» **INPUT DATA**:
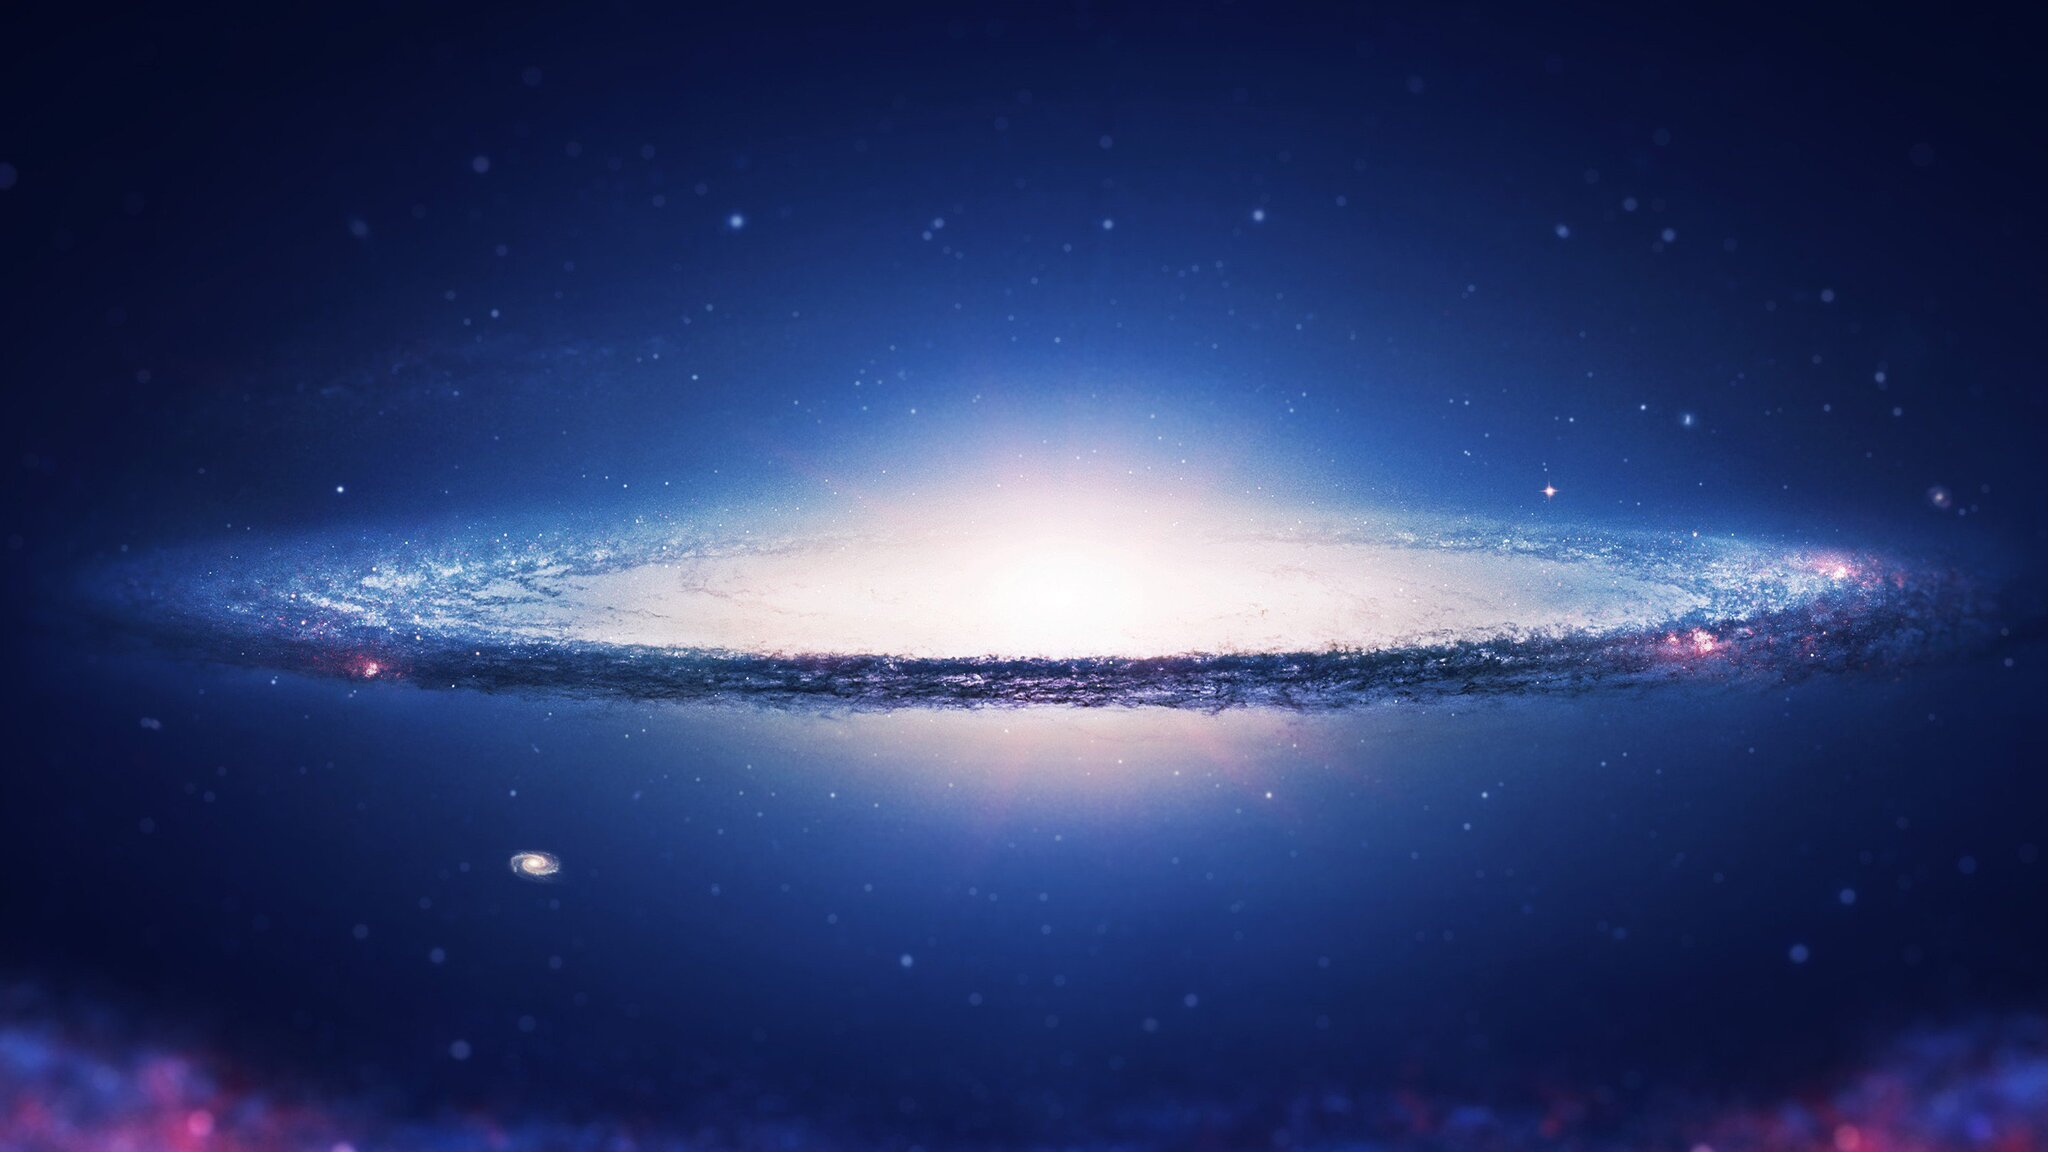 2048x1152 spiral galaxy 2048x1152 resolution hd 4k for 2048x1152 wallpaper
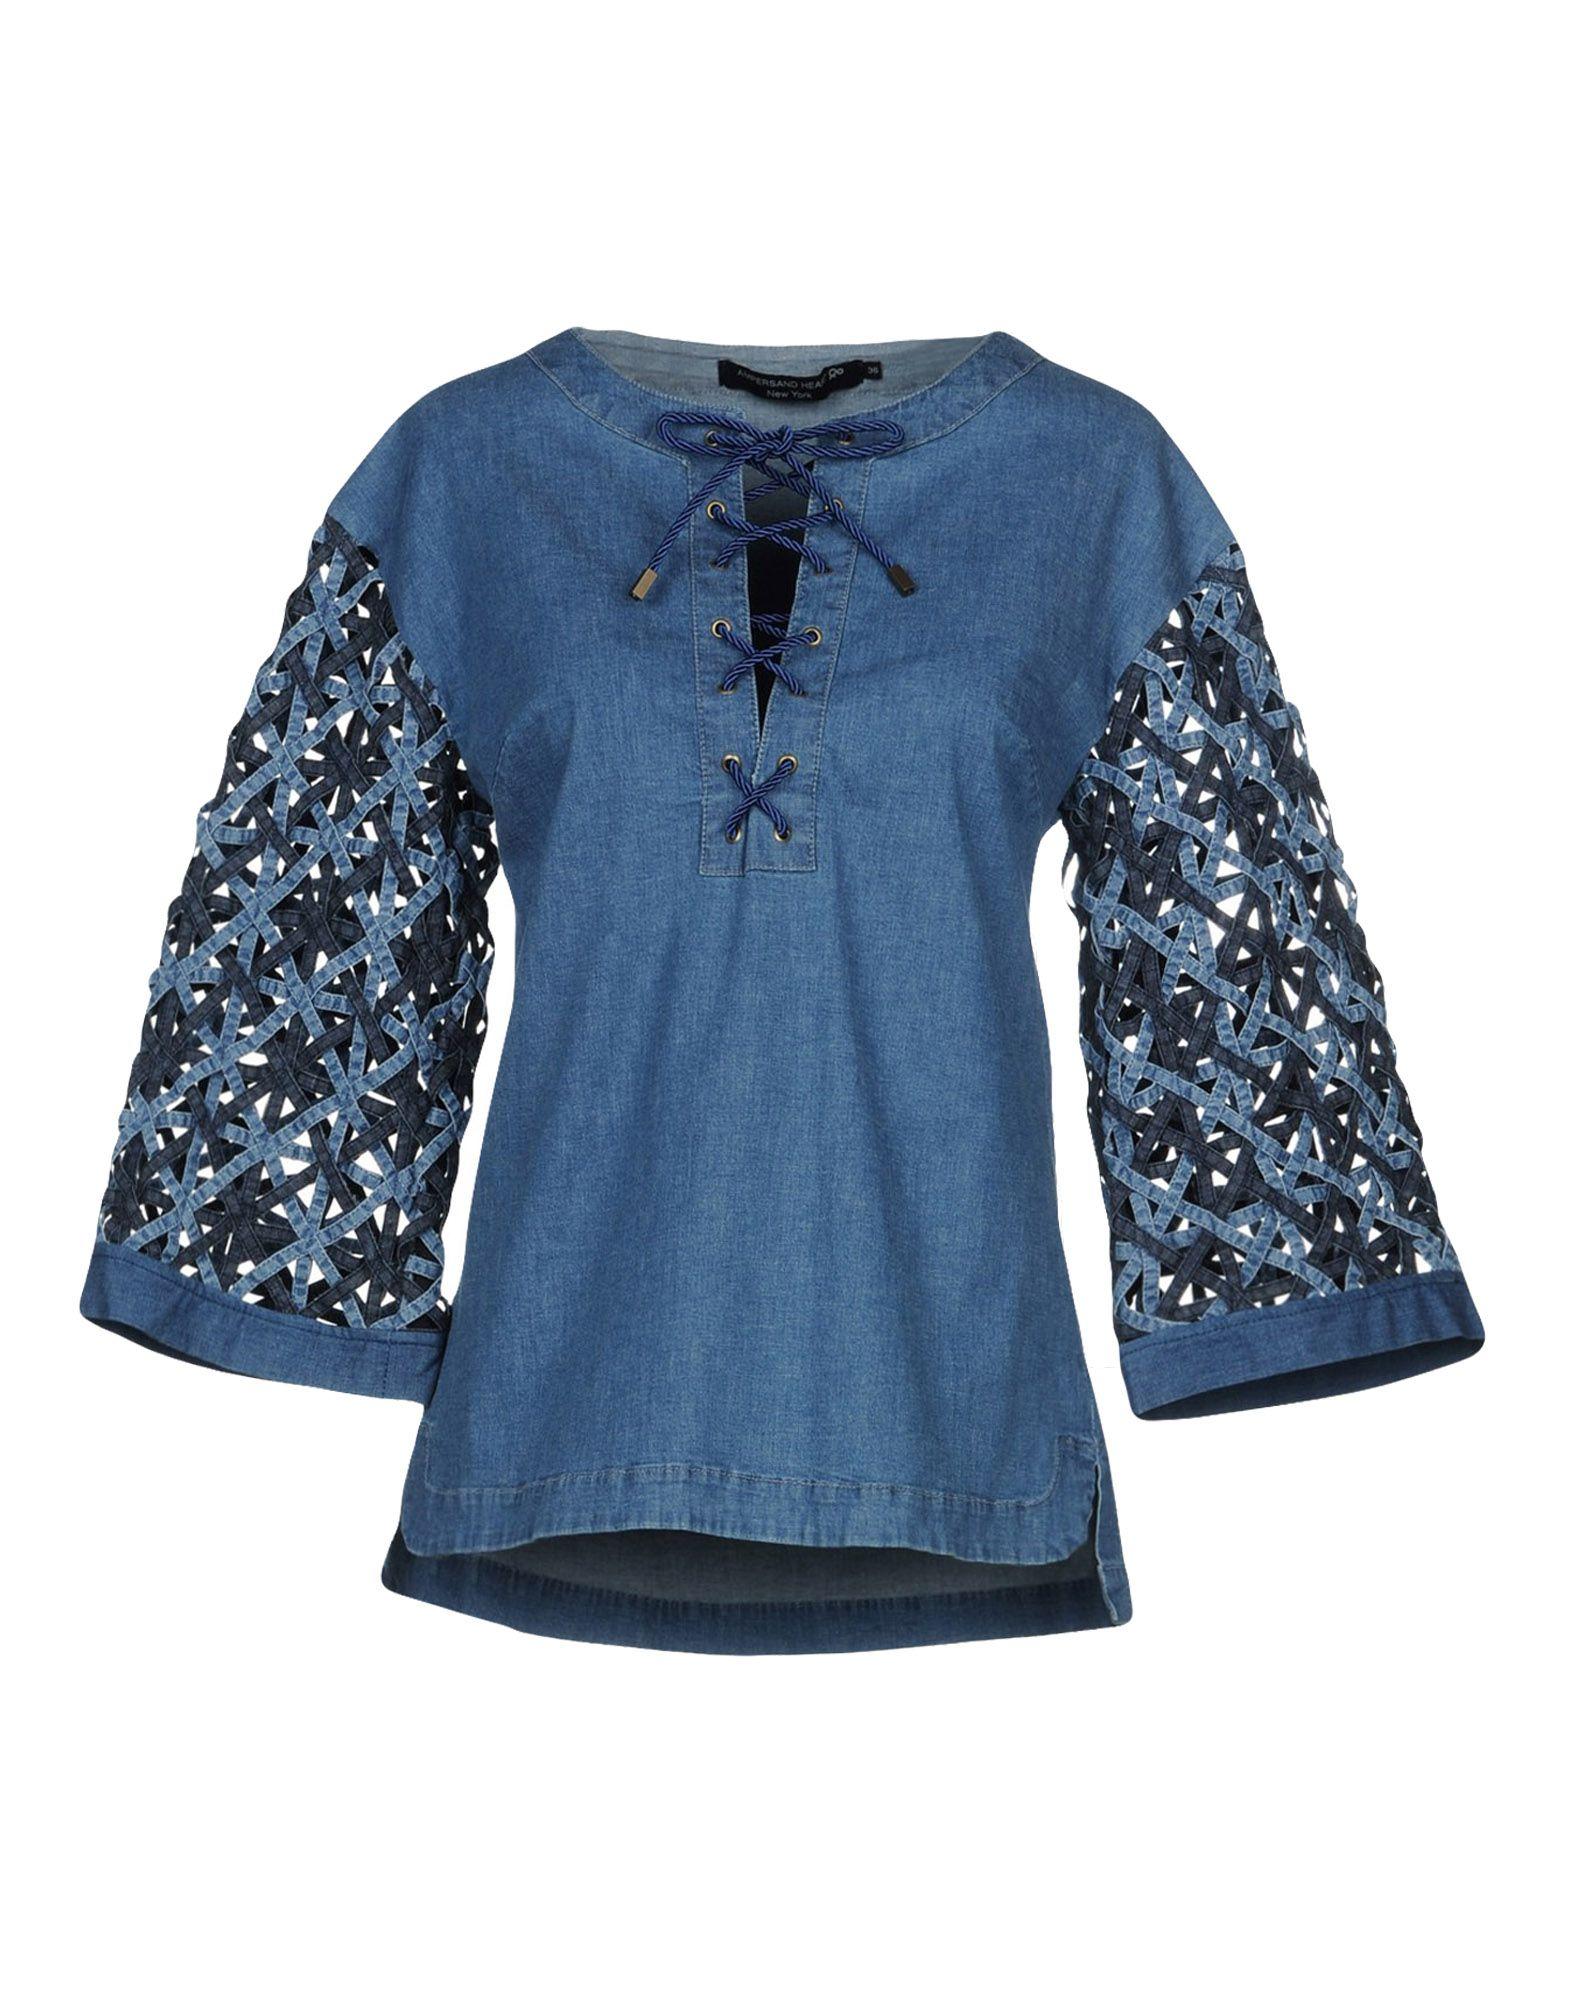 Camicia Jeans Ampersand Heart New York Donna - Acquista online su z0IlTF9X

---

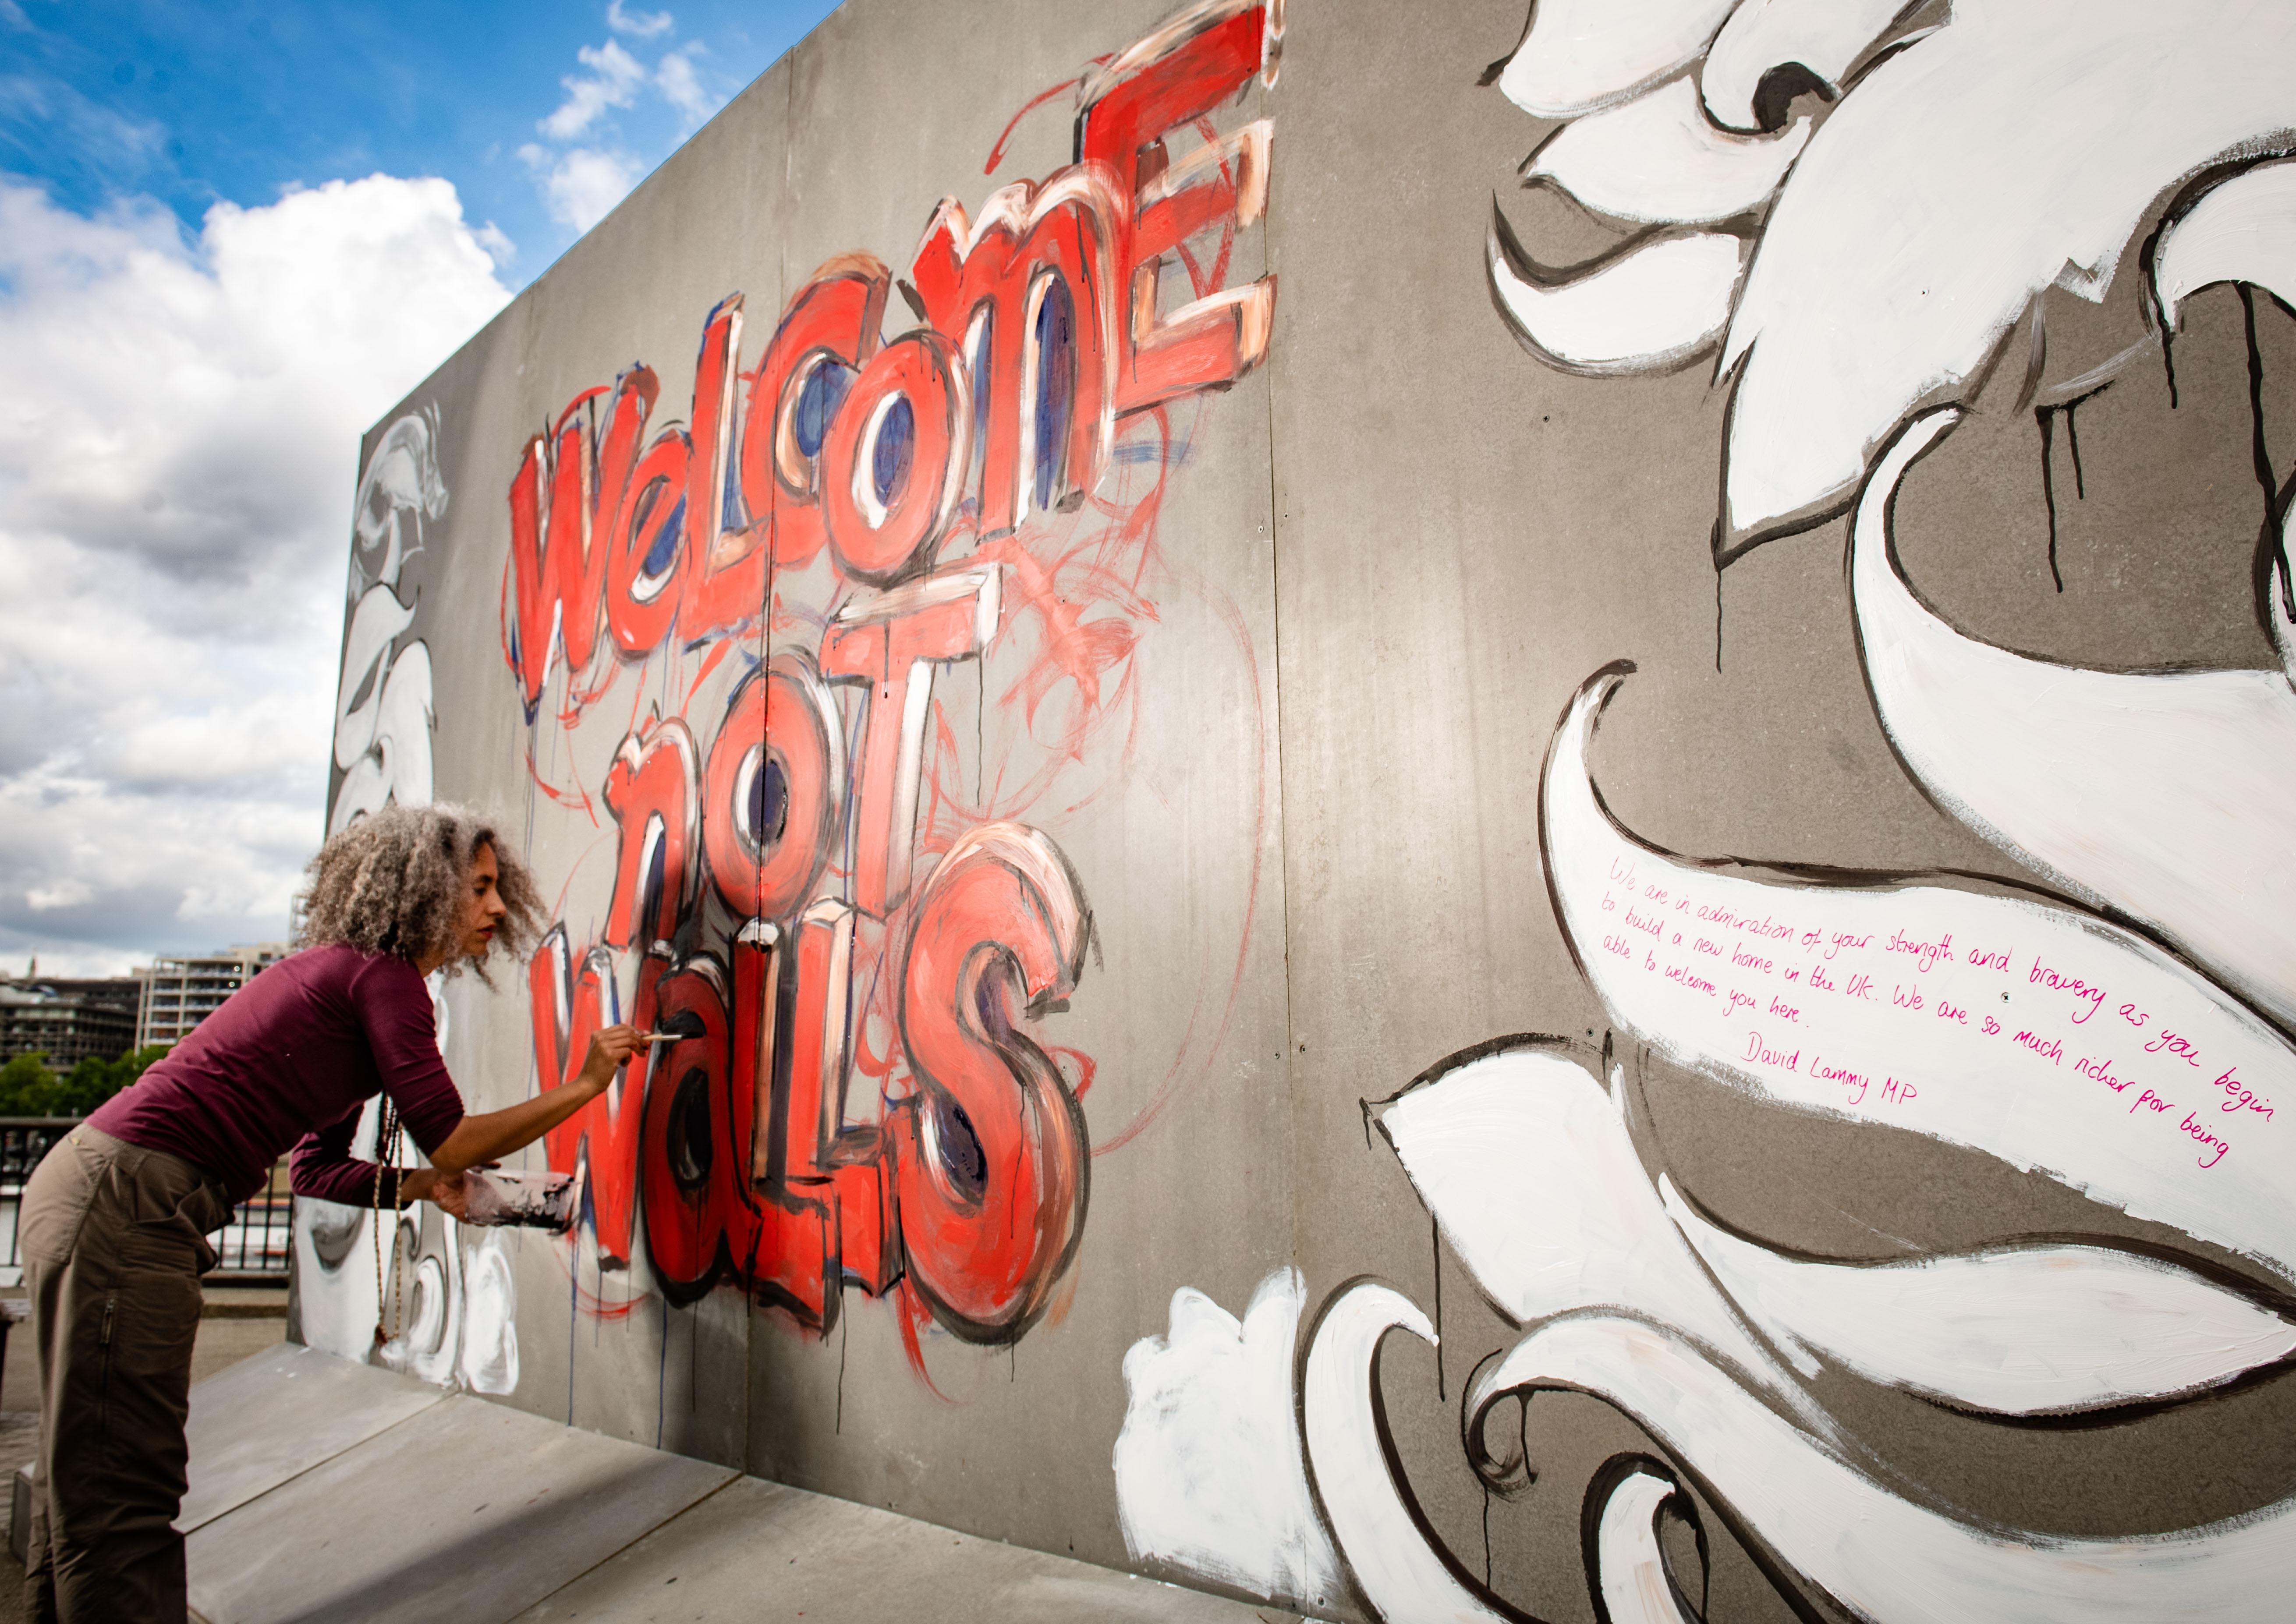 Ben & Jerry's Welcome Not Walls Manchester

» **WHAT YOU SHOULD DO**: Leaving out the pictures, please output the lines in the entries above from the one with "2048x1152 spiral galaxy" through the one with "Camicia Jeans Ampersand", exactly as they are.

» **RESULT OF THIS EXERCISE**:
 2048x1152 spiral galaxy 2048x1152 resolution hd 4k for 2048x1152 wallpaper
 Camicia Jeans Ampersand Heart New York Donna - Acquista online su z0IlTF9X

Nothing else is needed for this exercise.